*** INFORMATION PROVIDED ***

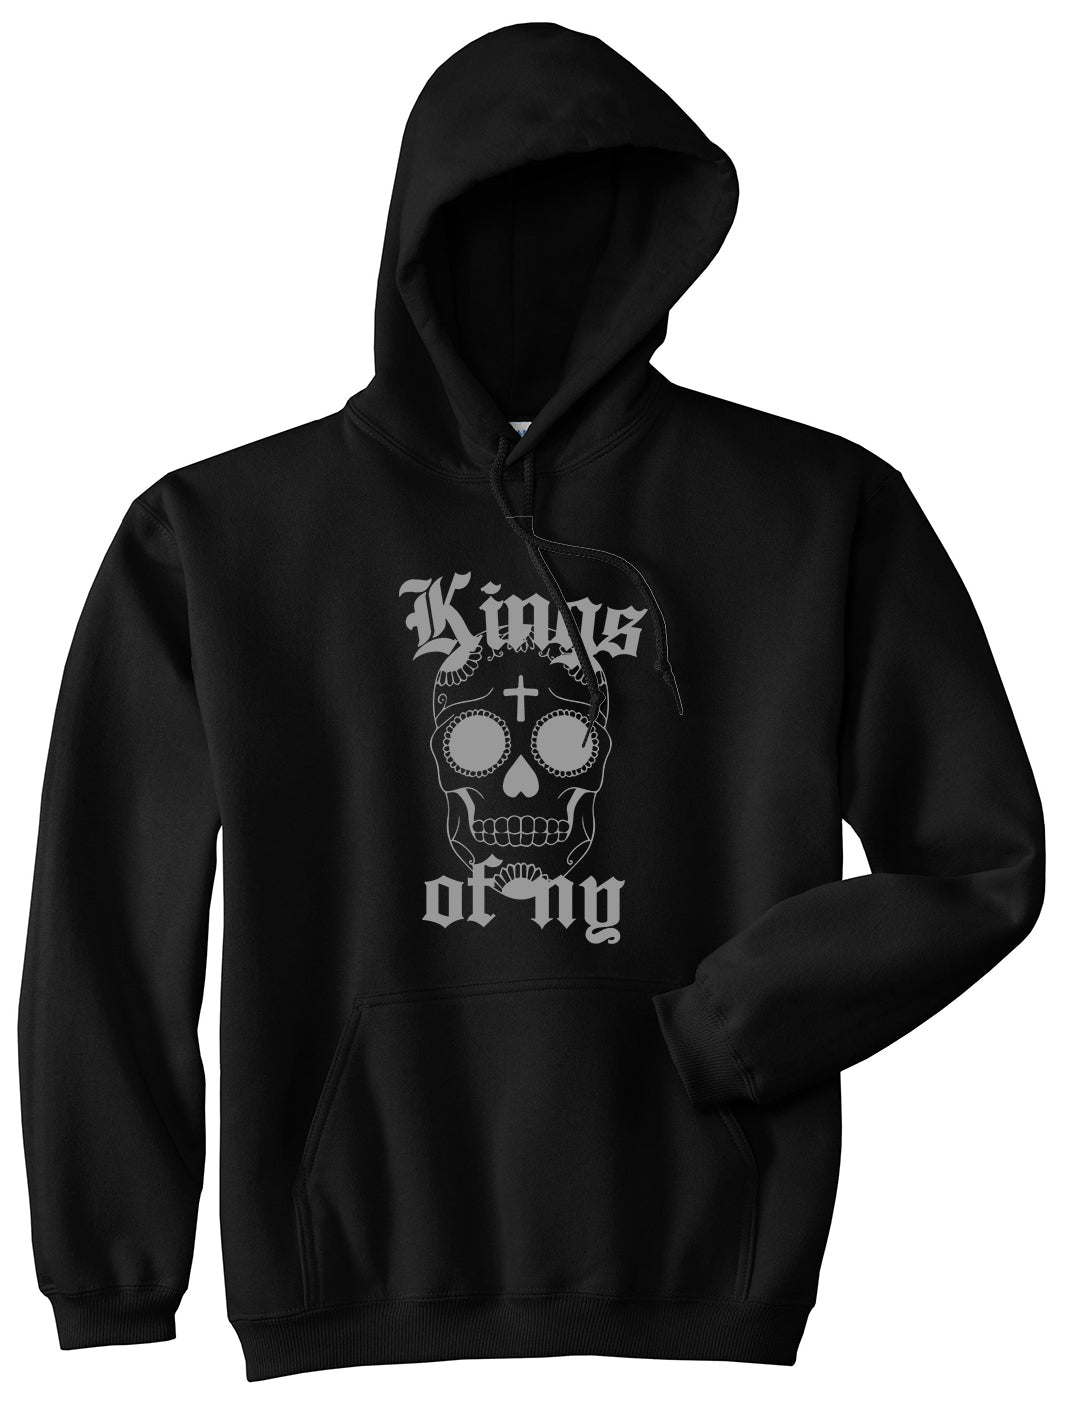 Day Of The Dead KONY Mens Pullover Hoodie Black by Kings Of NY
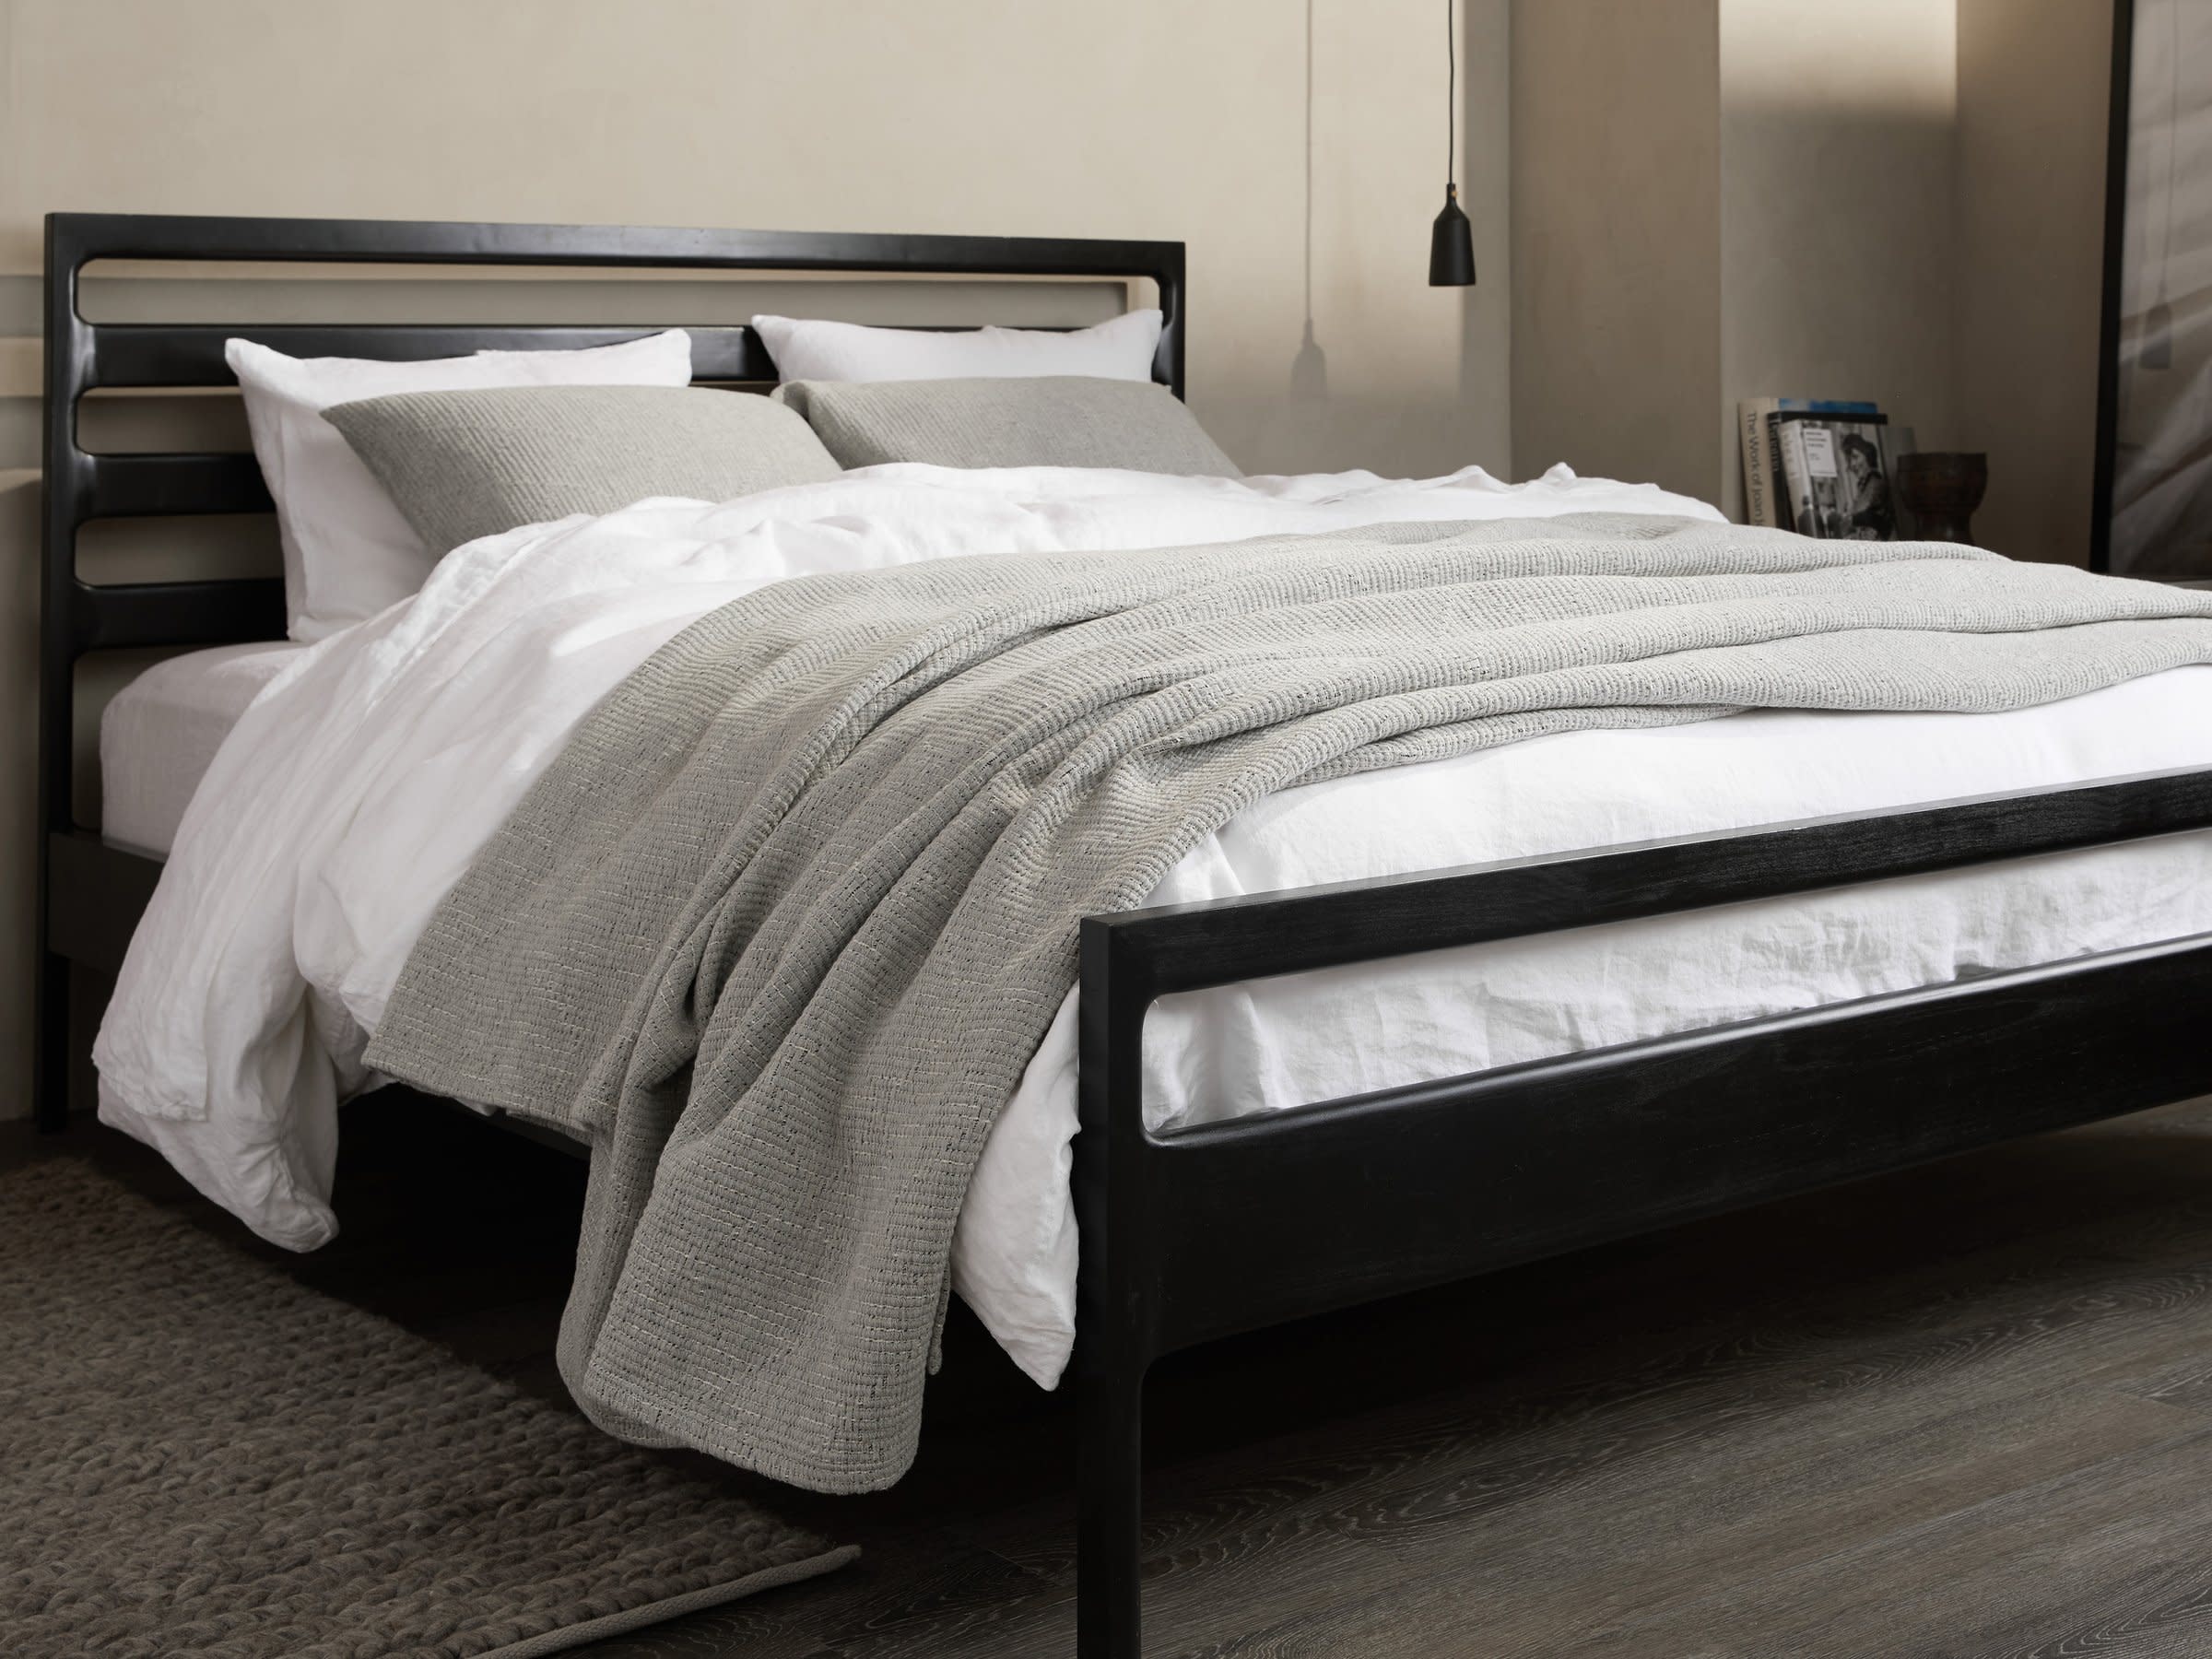 Grey And Black Linea Cotton Coverlet Shown In A Room
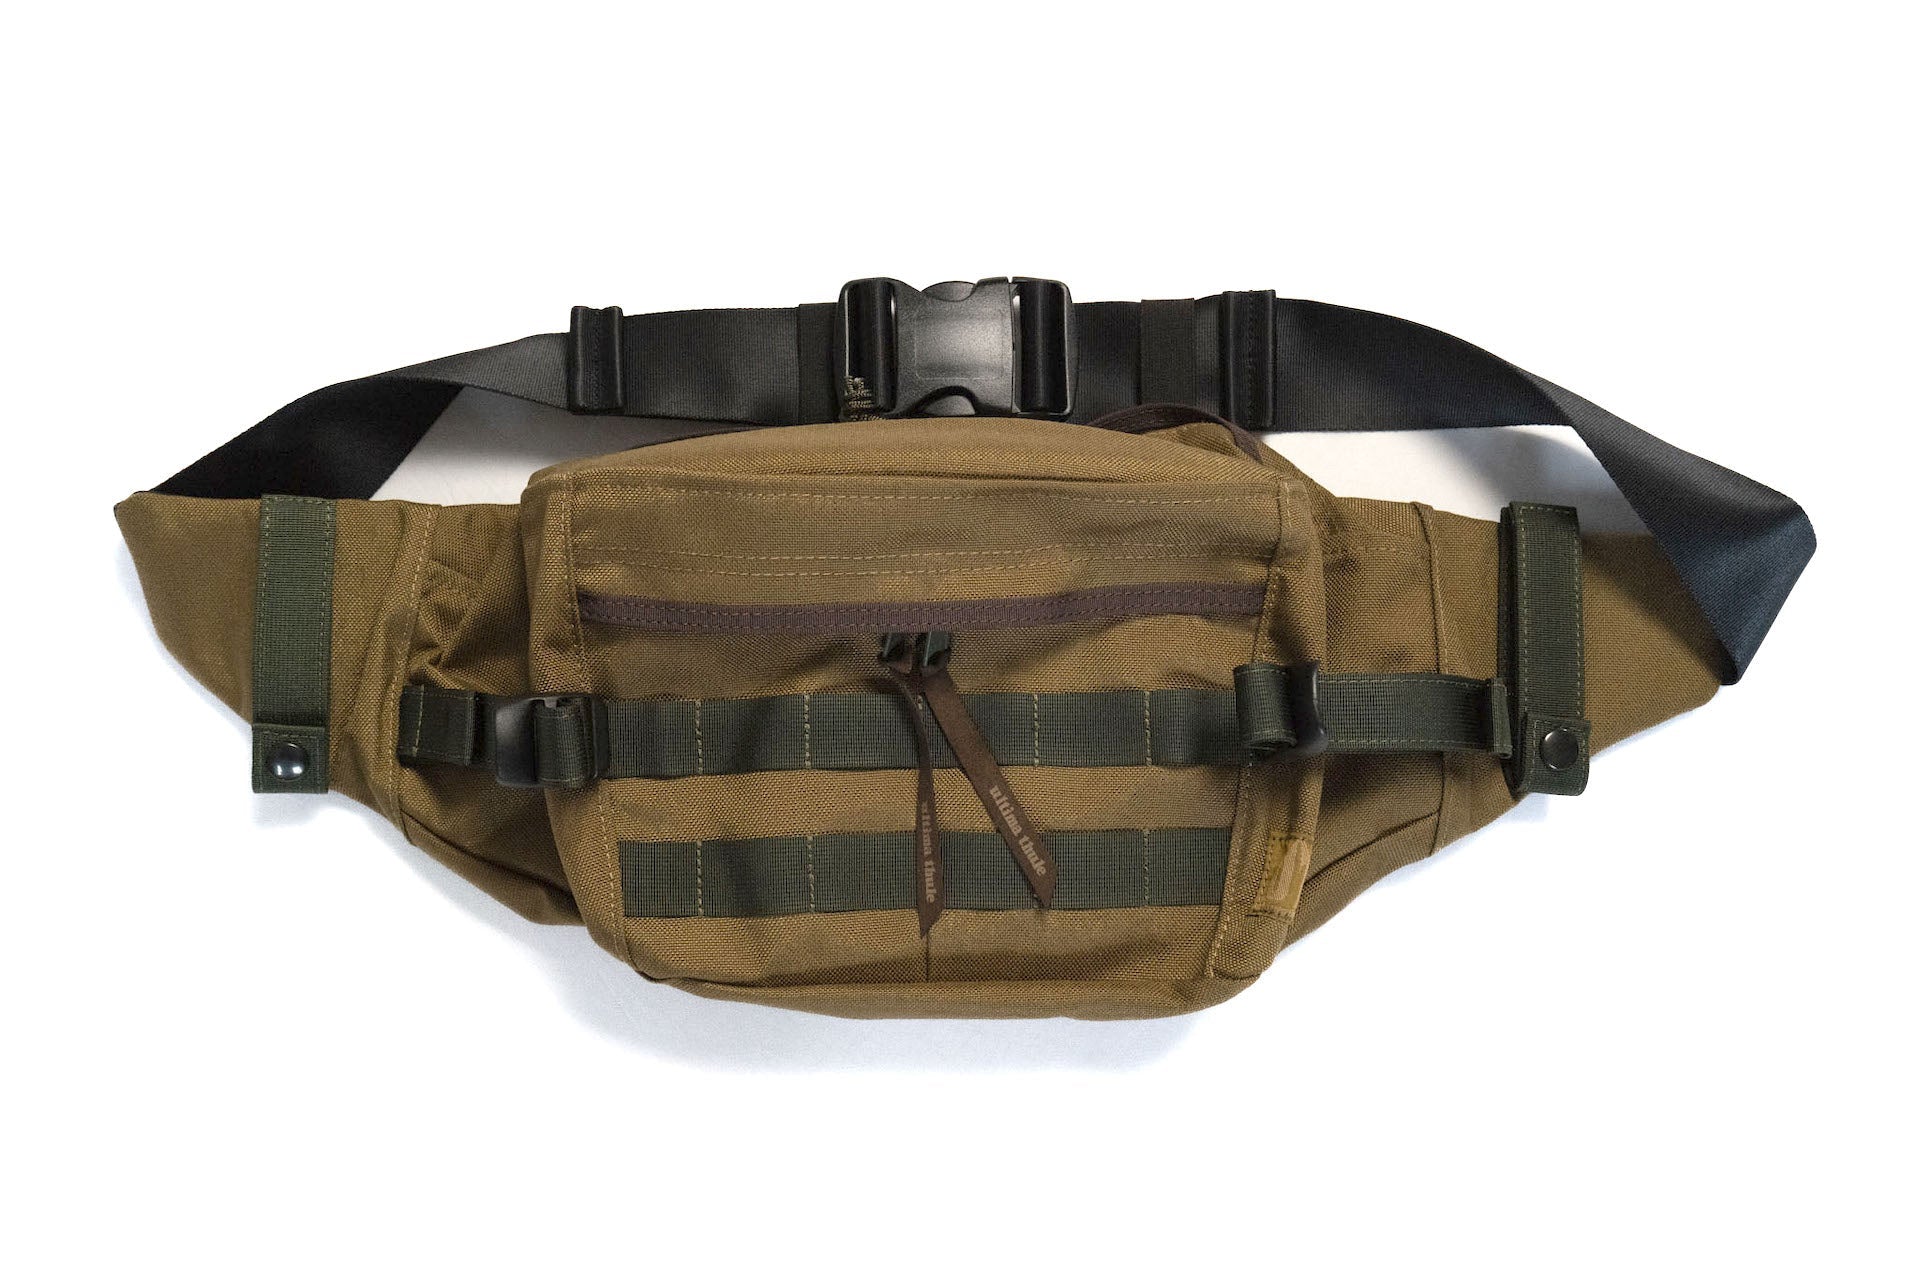 Ultima Thule by Freewheelers "HALF DOME" Fanny Pack (Coyote)

*** End of INFORMATION PROVIDED ***

* _BRIEF_
Please reproduce the whole listing exactly; the pictures stay out.

* _WRITTEN SOLUTION_
 Day Of The Dead KONY Mens Pullover Hoodie Black by Kings Of NY
 Grey And Black Linea Cotton Coverlet Shown In A Room
 Ultima Thule by Freewheelers "HALF DOME" Fanny Pack (Coyote)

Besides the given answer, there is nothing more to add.